Après la conquête de cette terre d'Afrique qui n'avait pas encore de nom en 1830, on a présenté le peuplement aux Français comme une chance unique de quitter la misère, qui sévissait dans l'Hexagone, et aussi comme une fabuleuse aventure humaine. Cent trente-deux ans plus tard, ils revenaient d'où ils étaient partis, par bateaux entiers, déracinés, accablés de reproches. En métropole on jugeait leur accent vulgaire, on disait qu'ils avaient mal traité les Algériens, les exploitant paraît-il sans vergogne, amassant des fortunes... Rétorquer qu'ils avaient contribué à faire passer la société arabo-berbère du Moyen Âge à la modernité ne leur servait à rien : on les rendait responsables d'une guerre, qu'ils avaient de surcroît perdue.
La vérité, bien sûr, n'est pas aussi abrupte.
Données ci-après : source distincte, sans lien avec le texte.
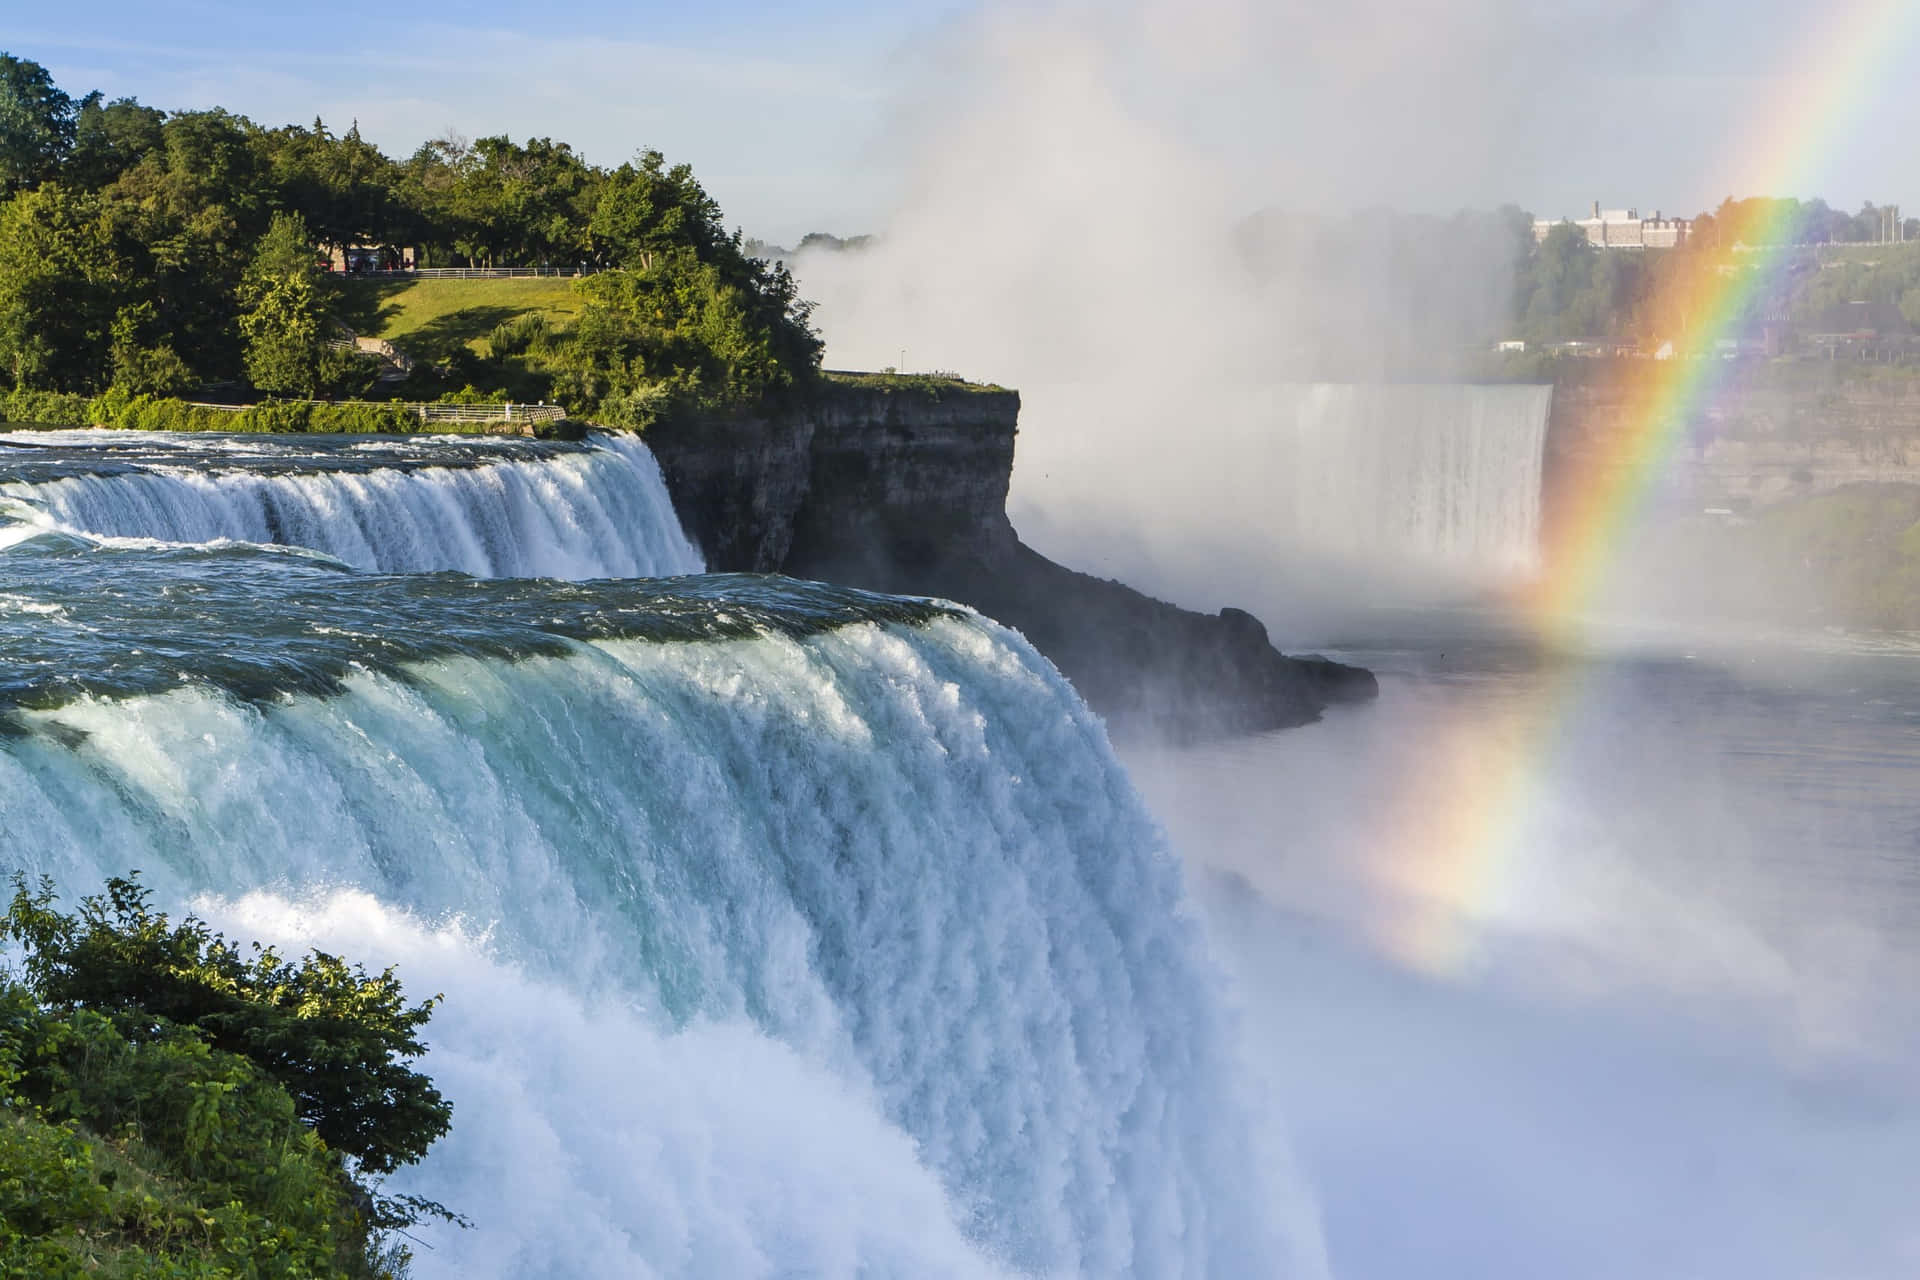 Witness the majestic beauty of Niagara Falls

Raphaël Delpard, qui a combattu en Algérie, rendu à la vie civile, a tenté de comprendre, de réunir les faits, non pas au niveau de l'examen politique, mais à celui de l'homme de la rue. Il expose, sans langue de bois ni favoritisme pour aucune des communautés, les errances, les craintes, les erreurs, les malentendus ; il met en lumière l'abandon de Paris, que l'Algérie n'a vraiment jamais intéressée ; les manipulations et les mensonges d'une classe politique qui, après la fin de l'Indochine, trouva avec le conflit franco-algérien, le discours satisfaisant son ego, devenant de facto le porte-parole d'une prétendue misère, qu'elle n'a pourtant pas rencontrée.
L'Histoire vraie des Français d'Algérie : une page d'histoire, d'amour et de larmes, entre deux grands peuples qui ne se sont pas encore remis de leur rendez-vous manqué.